Reports today from Elysées Palace officials suggest that France desires to delay a new UN resolution canceling sanctions and allowing a complete unfreezing of assets, arguing that airstrikes conducted under previous Resolution 1973 are still under way.
Libya will be forming a new governing structure over the top of its old despotic structures, analysts say. The ideal balance for the international community is to assist with new civil structures, but without colonial-style meddling or salacious profiteering. UN agencies on the ground have started with aid. But prominent groups from the two Libyan poles of Tripoli and Benghazi (see map) will be urged to cooperate and work out modes of authority for the string of towns and tribes between western and eastern Libya, and in the south.
Working with the old regime
A key question not likely to be answered today: How far can the new NTC realistically go without needing or using elements of the old Qaddafi system?

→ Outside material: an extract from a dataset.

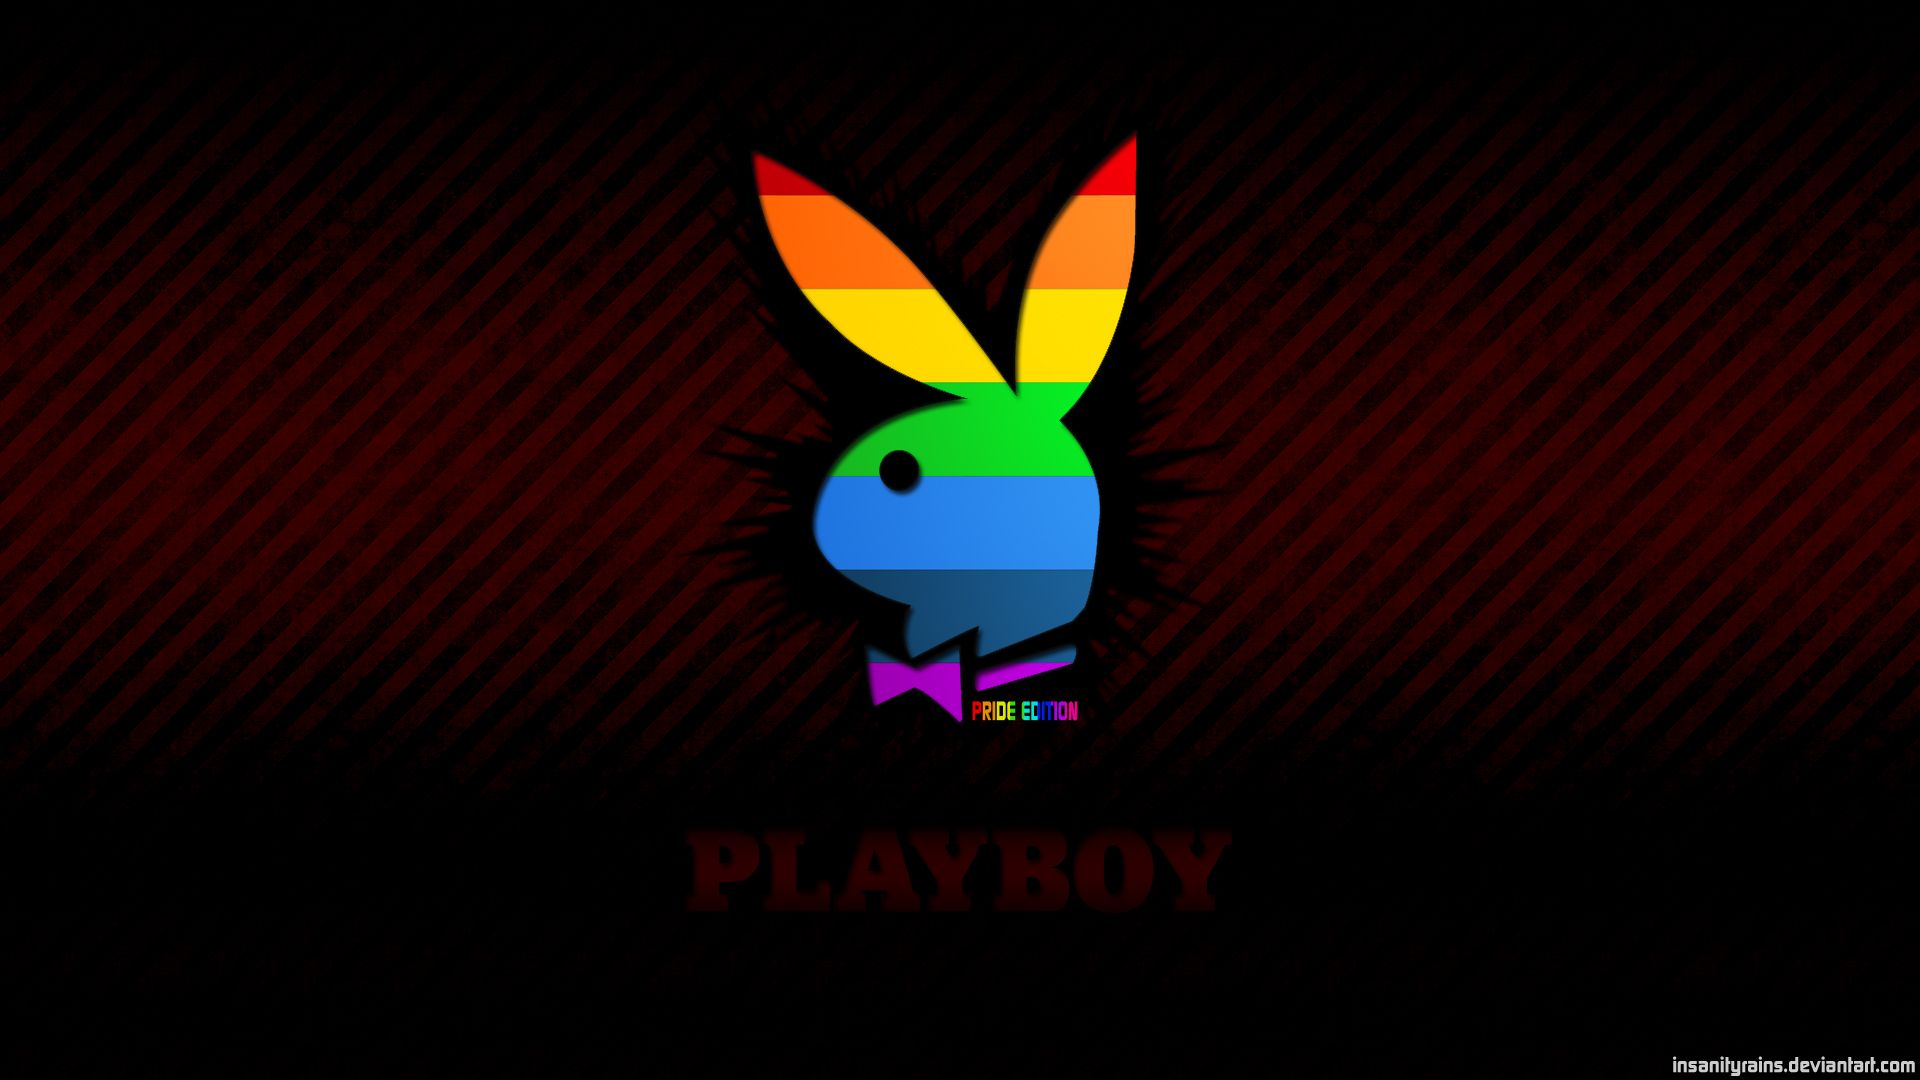 Playboy Pride Edition 1920x1080 by insanityrains on DeviantArt

Whether France and Europe more largely can develop a new relationship and new habits regarding Arab states is seen here as a promise. A fresh approach will require humility, an opening of markets, and a better attitude towards minorities, writes Vincent Giret, the editor of Libération on the eve of the meeting:
"After years of erring, and connivance with the most authoritarian regimes of the south Mediterranean, France is finally on the side of history…. France can lay the milestones of a great Arab policy it has always dreamed of, often with grandiloquence and too much hypocrisy.”